Oh I agree, although I wouldn't formulate it this way. An ecosystem like
Apple's still has a place in an ideal tech-savvy world because it takes away a
lot of micromanagement here and there.

Back in my Android days I constantly had to micromanage and adjust everything
to work the way I want it to. Widgets, changing Google app landscape, flashing
some custom Cyanogenmod because the manufacturers Frankenstein Android flavor
was a hot mess, reign in unwanted background processes, etc etc. Much has
gotten a lot better since then on Android but I made the switch before that.

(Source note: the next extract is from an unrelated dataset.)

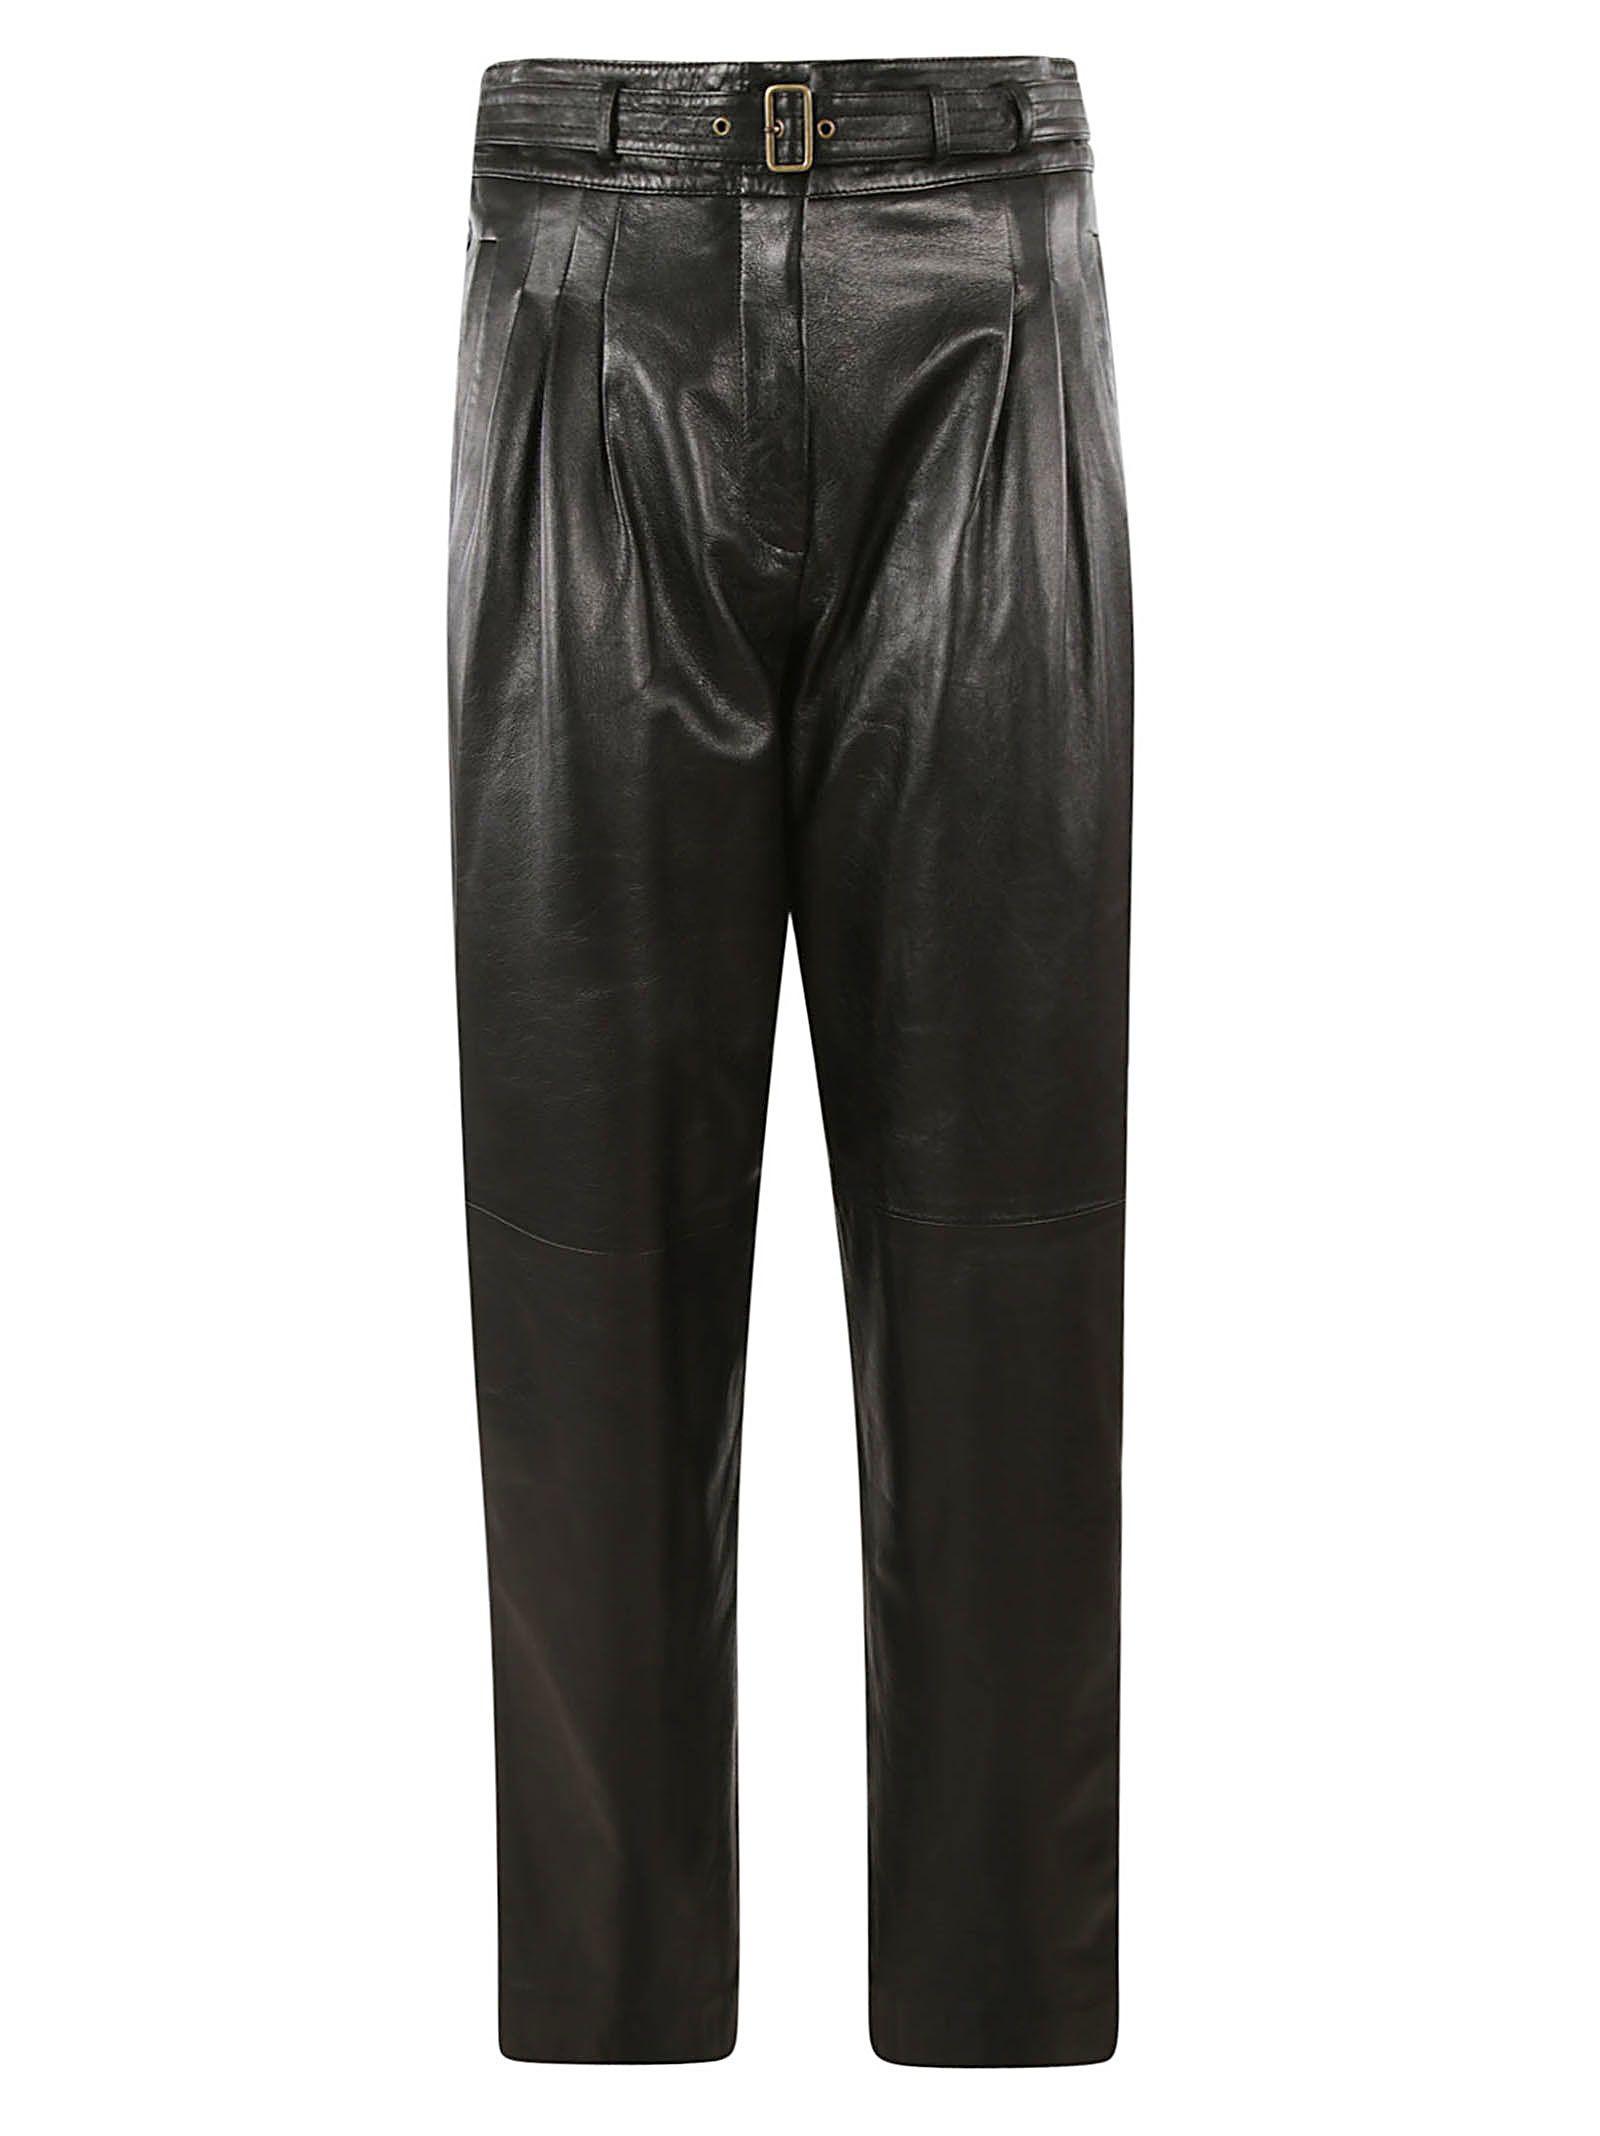 Alberta Ferretti Belted Glossy Trousers

On Apple's system I get to decide less but I also get to worry less as long as
I am ok with their decisions. It just feels convenient and barely anything
ever gets in my way. I enjoy the mostly seamless integration of iOS and macOS.

If I wouldn't be ok then I thankfully have the OPTION to go back to Android.
That's what we should be happy about, right? You can use Google products, I
can use Apple products. And if we discover some issue with our choices we can
always change them.

> If the people were properly educated

I often feel like many people have no interest in being educated and that is
what feels truly frustrating. Anecdotally, I have setup Netflix for relatives
and they had zero interest in how it was done. Actively rejected my attempts
to show them the setup steps - they just want to be able to press the Netflix
button on the remote and have it play something.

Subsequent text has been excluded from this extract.